Well, Spring Security implements ACL;
http://docs.spring.io/spring-security/site/docs/3.0.x/reference/domain-acls.html
> On 7 Jul 2016, at 09:42, Lenny Primak <[email protected]> wrote:
>
> The tricky thing is to figure out what the common feature set actually is
> (i.e. to design it or take already existing design)
> Is there another framework that you know of or any existing project that
> implements this already?
> If this was such a desirable feature for lots of people, it would be hard to
> believe that this wasn’t already implemented somewhere.
>
>> On Jul 7, 2016, at 3:39 AM, Richard Adams <[email protected]> wrote:
>>
>> Yes, I take your point - Shiro has all the Core features you need to get
>> started, it’s conciseness is one of its main attractions, and there’s
>> certainly a strong argument to avoid feature bloat and unnecessary
>> complexity.
>> But, perhaps it is the case, that if many Shiro users are independently
>> having to extend Shiro to obtain additional similar functionality, then
>> there is a case for considering adding to Shiro.
>> Richard
>>> On 7 Jul 2016, at 09:26, Lenny Primak <[email protected]> wrote:
>>>
>>> My sentiments exactly.
>>>
>>> There are a lot of SNACs (shiny new ACronyms) popping up every few months
>>> that “some other framework” may have that are “missing” from Shiro,
>>> like many variants of **BAC (which are very much too vaguely defined, and
>>> not in any way standard)
>>> All of this can easily be solved by a few lines of custom code (in custom
>>> realm etc.)
>>> You can’t possibly chase all those vague acronyms and succeed.
>>>
>>> Saying that, I am not opposed to adding some sort of additional abstraction
>>> layer for **BAC, but it has to be well defined.
>>>
>>> Here is what I see as viable options:
>>> - Write an implementation yourself on top of Shiro, get traction in the
>>> wild, and then contribute it to Shiro, if still makes sense.

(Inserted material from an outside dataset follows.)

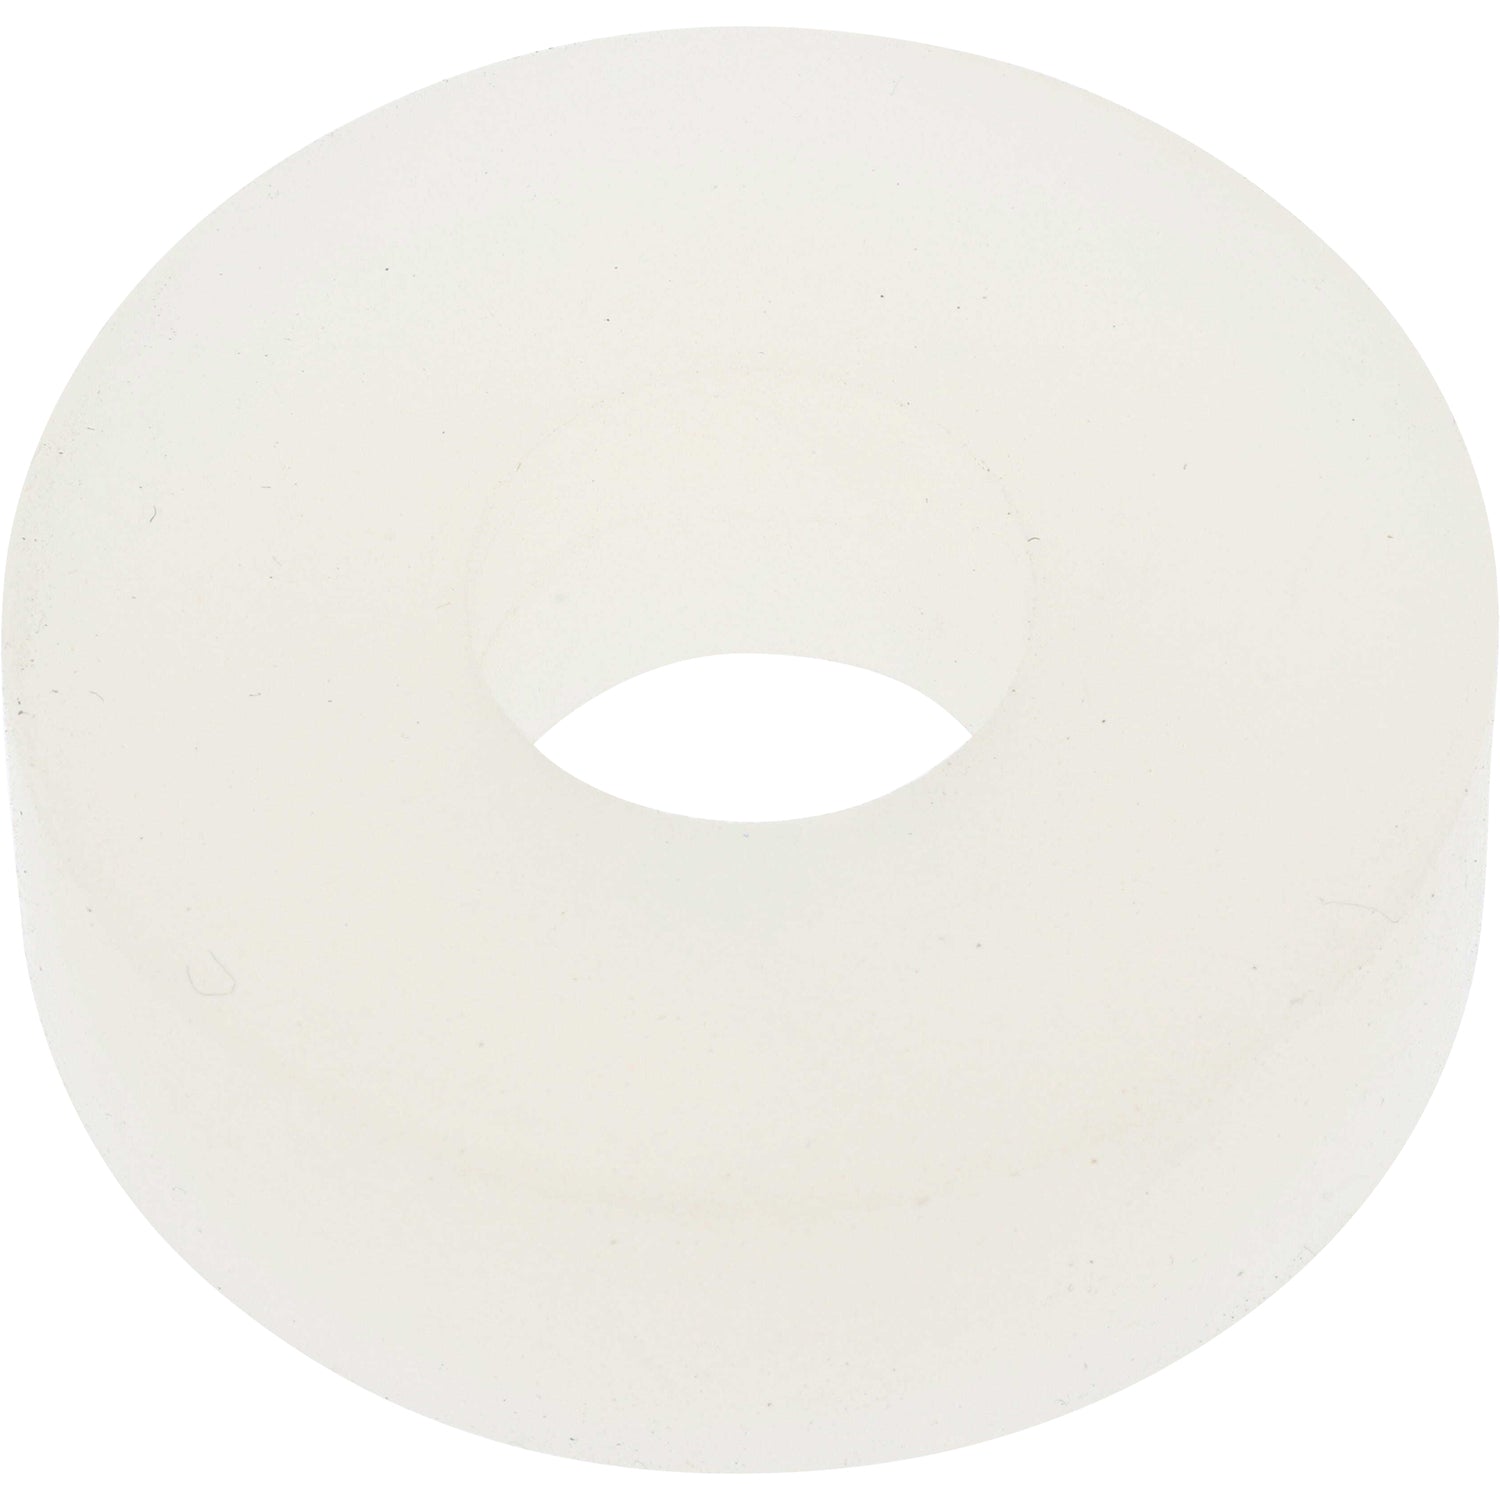 Off white, disk shaped rubber seal with hole in center on white background. P0-00152

>>> - Point out specific code / features / documentation in another framework
>>> that implements your feature that has traction in the industry,
>>> i.e. has proven useful in the wild, and propose inclusion of such specific
>>> functionality in Shiro.
>>>
>>>> On Jul 7, 2016, at 3:02 AM, Richard Bradley <[email protected]>
>>>> wrote:
>>>>
>>>> Could you explain what the benefit of this is over just implementing those
>>>> restrictions in plain old Java code directly?
>>>>
>>>> Each of the use cases you have given could be translated into plain old
>>>> Java code more or less 1-1 and the resulting code would be:
>>>> 1. simpler
>>>> 2. more maintainable
>>>> 3. more accessible to newcomers (no new language needs to be learnt)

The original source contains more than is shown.